Но Имрих не отзывается. На мастера накатывает страх, уж не уснул ли навечно сын. Поэтому он начинает его щипать. — Продери глаза, Имришко, слышь?! Не валяй дурака, Имро! Ведь ты уже много спал… Глянь, сколько табаку!.. Не сердись… Имро!.. Имришко, бога ради, не дури!.. — Он то и дело чиркает спичками, пытаясь огоньком его пробудить, но если и это не помогает, начинает изображать взаправдашний гнев, щиплет его еще сильней, причем в самые чувствительные места. — Имро, мне уже надоело! Думаешь, мне охота с тобой препираться? Продери глаза, не то… Имро!.. Слышь, Имро! Не понимаешь, что ли? Ради всех святых, не поддавайся!.. Глянь-ка, сколько тут сигарет и табаку!.. — Мастер усаживает Имро и осторожно подпирает плечом. Чиркает спичками. — На, кури! — Он вкладывает ему в губы зажженную сигарету. — Тяни! Я за тебя не стану тянуть!

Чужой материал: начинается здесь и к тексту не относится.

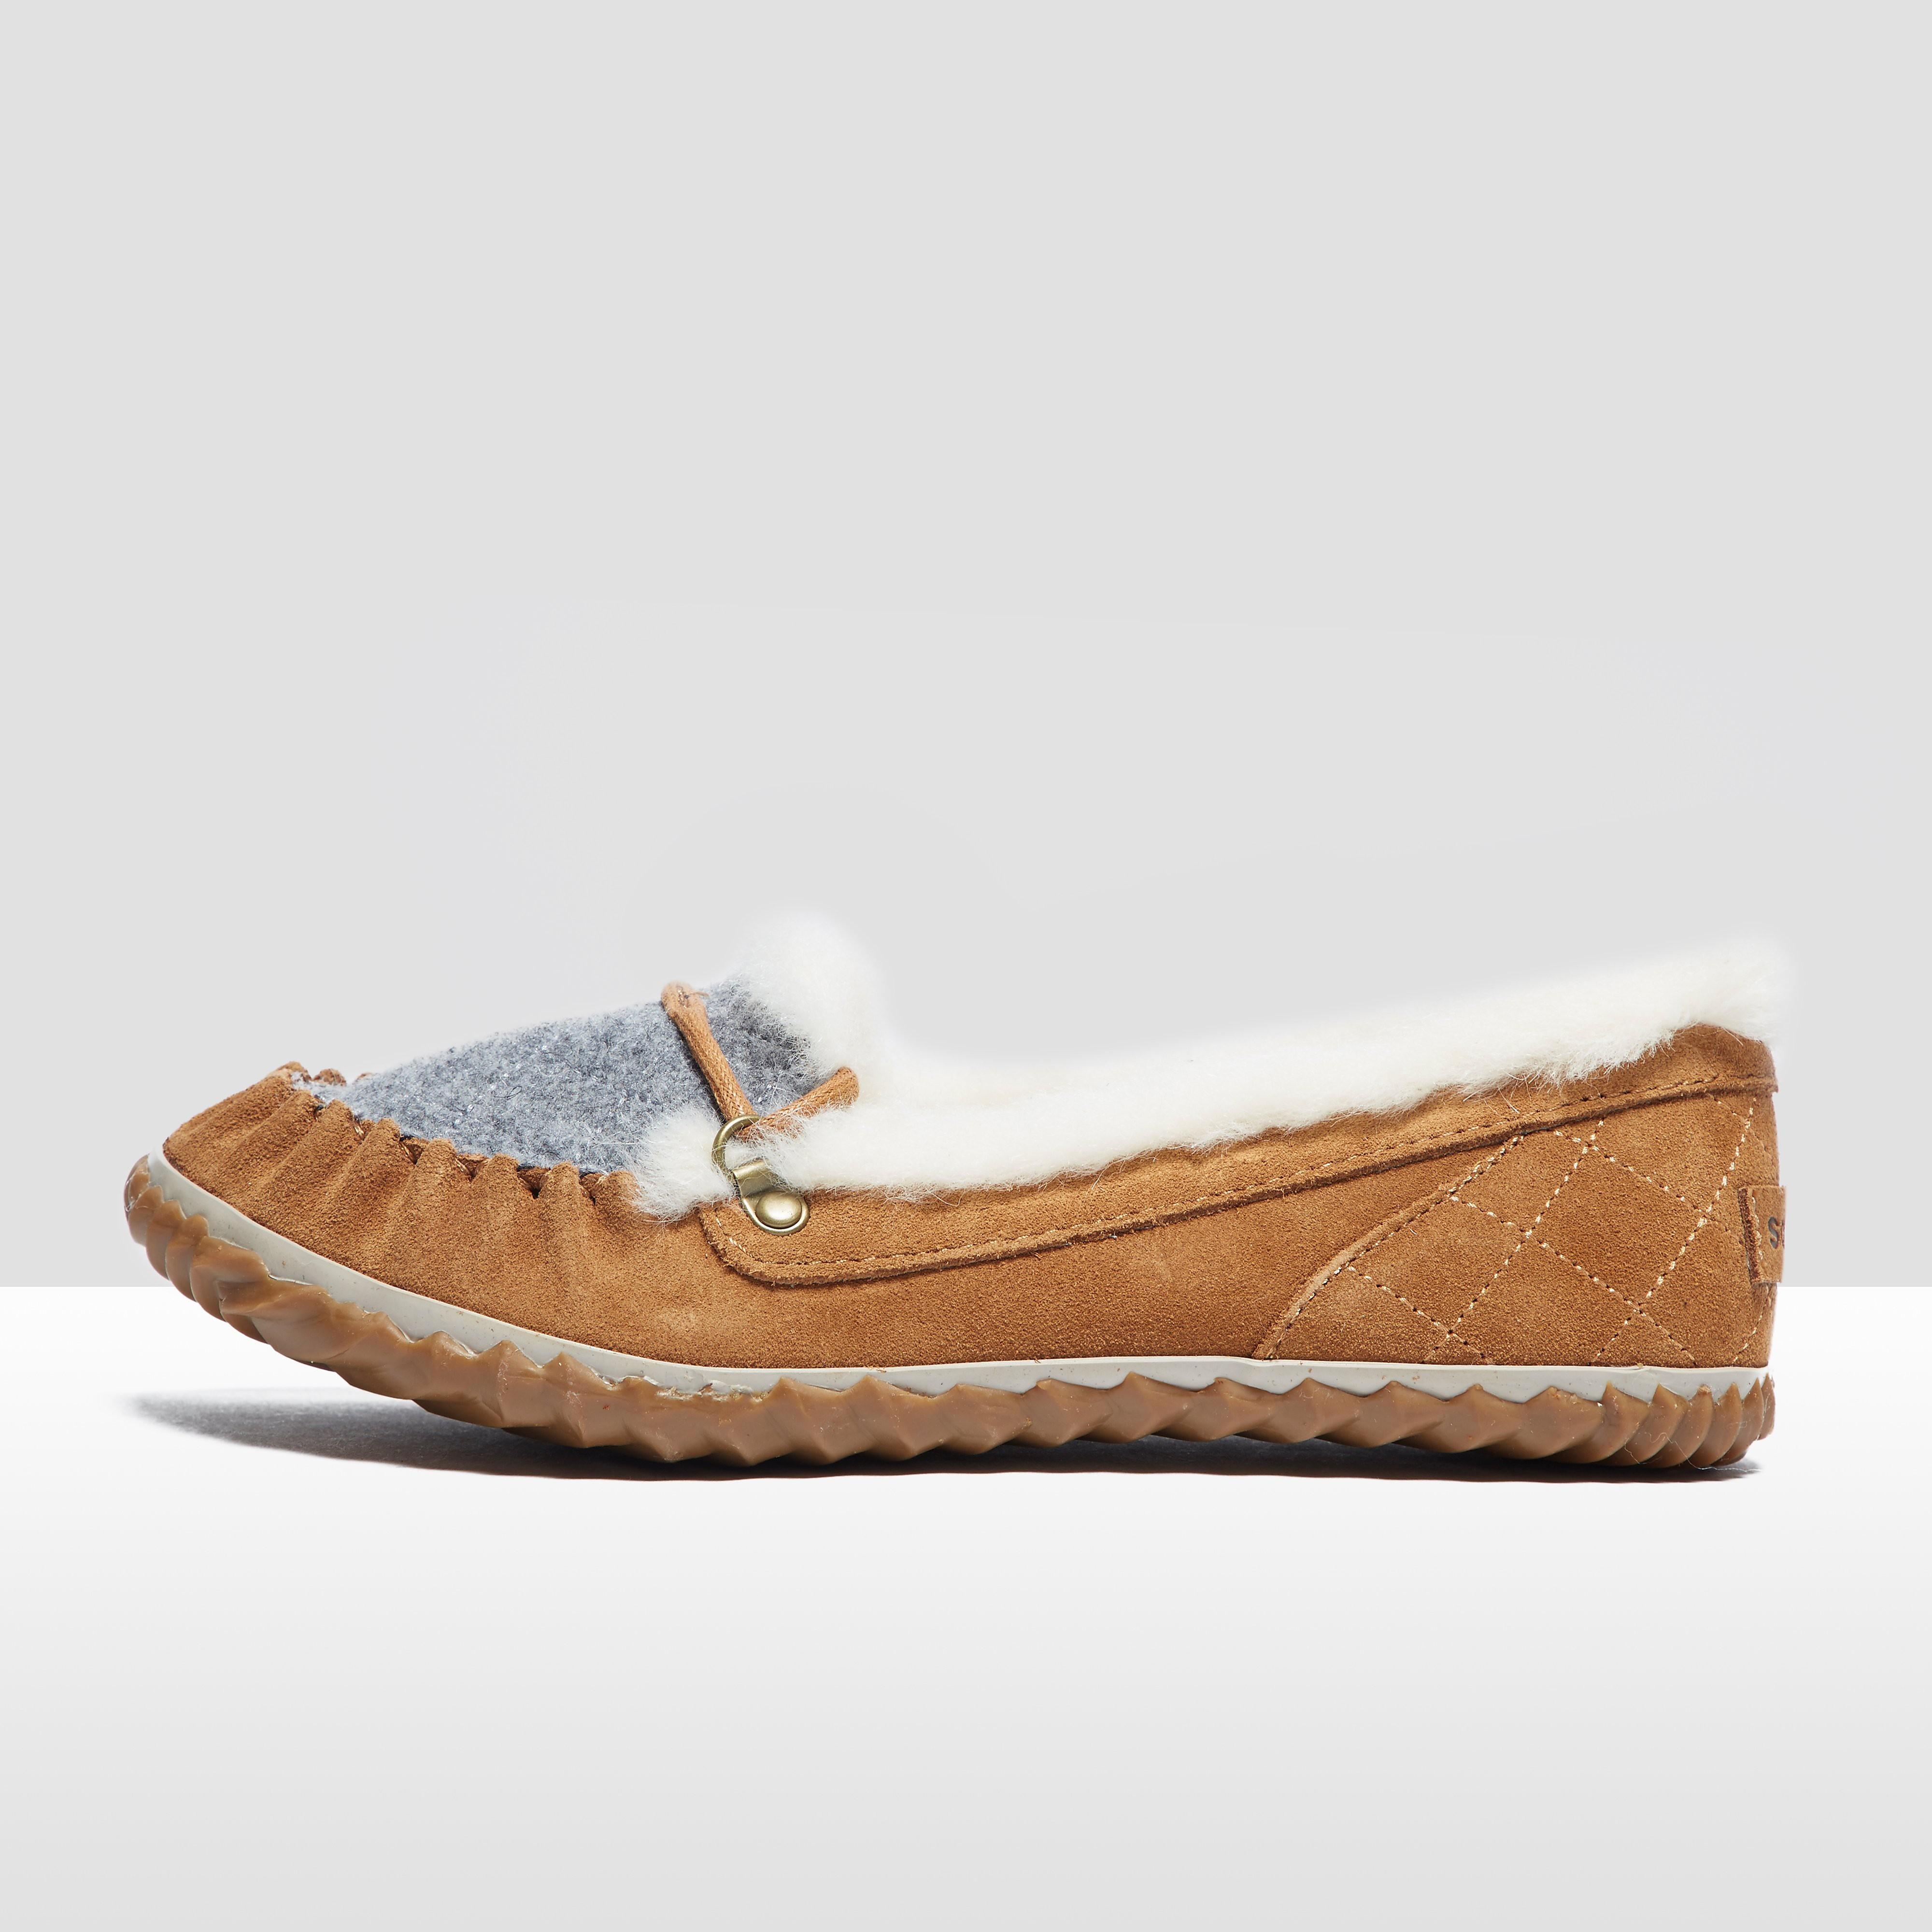 Sorel Out N About Women's Felt Slippers

Лицо Имро оживает. Мастер поминутно прикладывает ему к губам сигарету, но вскоре становится еще строже и говорит: — Держи сам! И не отвиливай, не то я на тебя по-настоящему рассержусь.
Оба курят.
— Вот видишь! — Голос мастера понемногу теплеет. — Если бы ты хвори не поддавался, ничего б тебе не было.
Из соседней горницы едва доносится Вильмино дыхание.
Мастер тушит Имров окурок, потом свой и спрашивает: — Воды не хочешь попить?
Имро качает головой. Но мастер, оживившись, бежит в кухню и приносит стакан воды: хоть половину, а Имро должен выпить, а нот, так мастер сам вольет в него воду.
День бежит за днем, и доктор, когда заходит к Имро, всякий раз диву дается, что он еще жив. А мастер утаивает, как ему удается растормошить сына. Вильма ходит бледная и вечно жалуется, что Имро не хочет есть. Даже если что и попробует, тут же выдает все обратно. Даже жидкого супа не переносит. Тарелки и ложки просто пугается; иной раз от страху и задрожит весь, но и страх ведь один из признаков жизни. Слава те господи, хоть воду пьет! Мастер всегда в нее чуть молока подбавляет; с каждым днем подбавляет все больше, и постепенно вода превращается в молоко. А однажды случается, что Вильма подносит Имро действительно чистую воду, и он, сделав глоток, поднимает к ней удивленное лицо, и впервые за долгое время у него развязывается язык: — Что это было? — спрашивает.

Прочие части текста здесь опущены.